The plan, filed in April, is opposed by holders of $3.6 billion in pre-bankruptcy debt who announced their opposition even before the settlement was formally disclosed. To read about the plan, the proposed settlement, and the parties’ arguments, click here for the April 13 Bloomberg bankruptcy report.
Tribune is the second-largest newspaper publisher in the U.S. It listed $13 billion in debt for borrowed money and assets of $7.6 billion in the Chapter 11 reorganization begun in December 2008. It owns the Chicago Tribune, Los Angeles Times, six other newspapers and 23 television stations.
The case is In re Tribune Co., 08-13141, U.S. Bankruptcy Court, District of Delaware (Wilmington).

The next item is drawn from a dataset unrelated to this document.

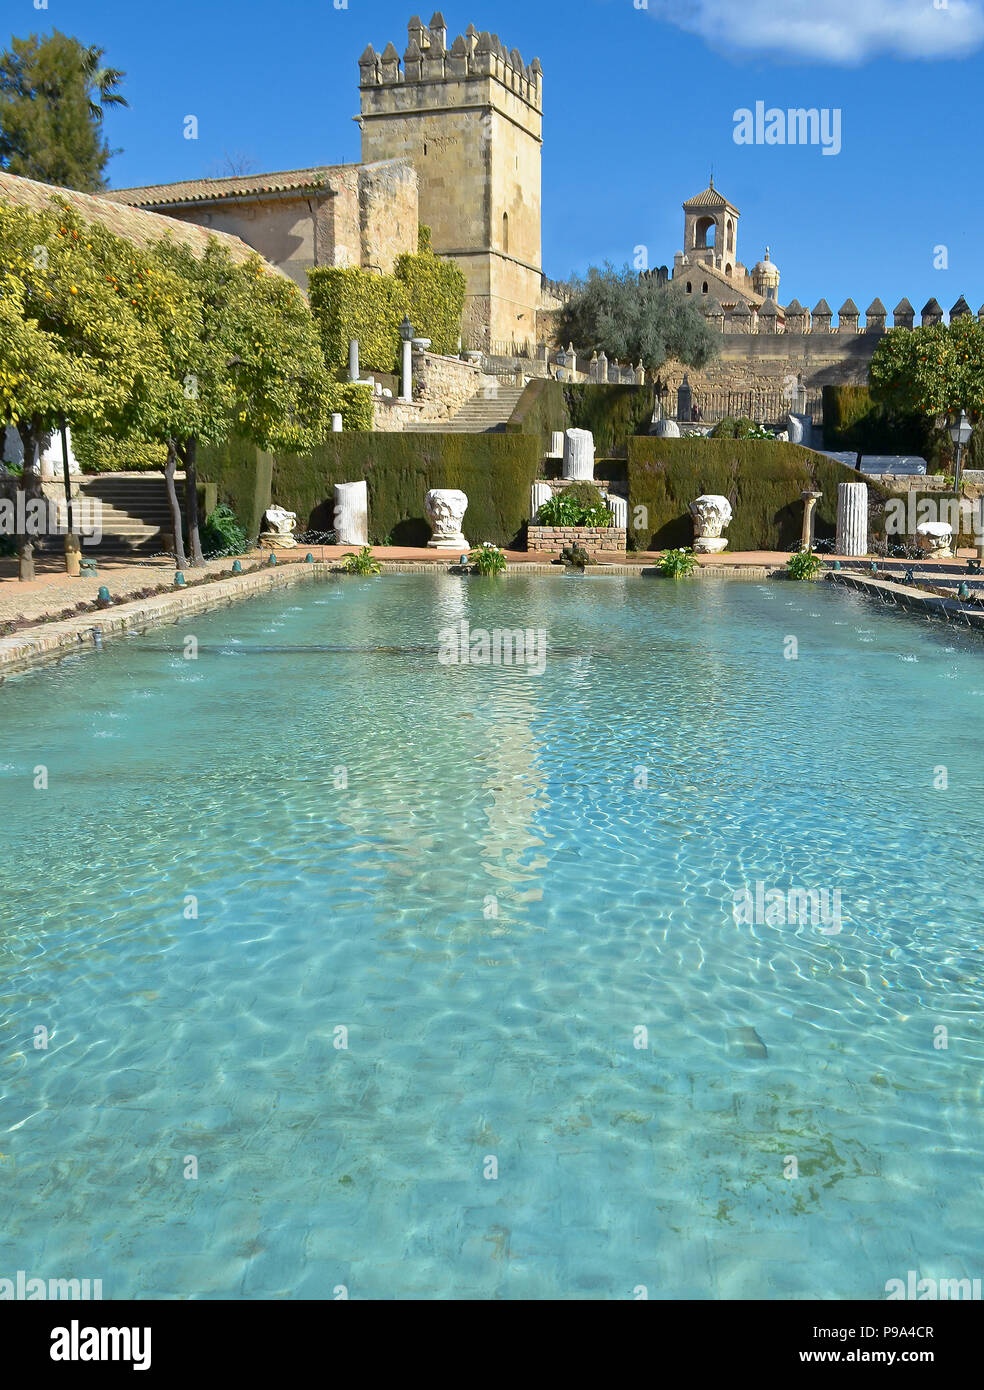 Water and architecture at the Alcázar de los Reyes Cristianos in Cordoba, Spain Stock Photo

BP, Extended Stay, Las Vegas Strip Property: Audio
BP Plc, Extended Stay Inc. and FX Luxury Las Vegas I LLC are the bankruptcy cases covered in the latest bankruptcy podcast on the Bloomberg terminal and Bloomberglaw.com. To listen, click here.
A&P Demoted to CCC+ Corporate on Refinancing Risk
Great Atlantic & Pacific Tea Co. was downgraded one notch yesterday by Standard & Poor’s to a CCC+ corporate grade, in part due to concern about debt maturities in 2011.
S&P in addition is concerned about multiemployer pension debt, “limited free cash flow generation, and geographic concentration.” The new S&P rating is one level higher than the demotion issued in April by Moody’s Investors Service.
S&P predicts that senior secured noteholders would recover up to 50 percent in the event of payment default. For unsecured debt, the new rating is CCC- coupled with a judgment that the recovery will range between nothing and 10 percent.
S&P calculates A&P as having $3.5 billion of adjusted debt in February.
A&P reported a $876 million net loss and an $802 million loss from continuing operations for the fiscal year ended in February, on sales of $8.81 billion. The loss from operations in the year was $600.6 million.
The balance sheet is upside down, with total assets of $2.82 billion and total liabilities of $3.22 billion in February.
Montvale, New Jersey-based A&P had 429 stores in February, mostly in New York, New Jersey, and Pennsylvania.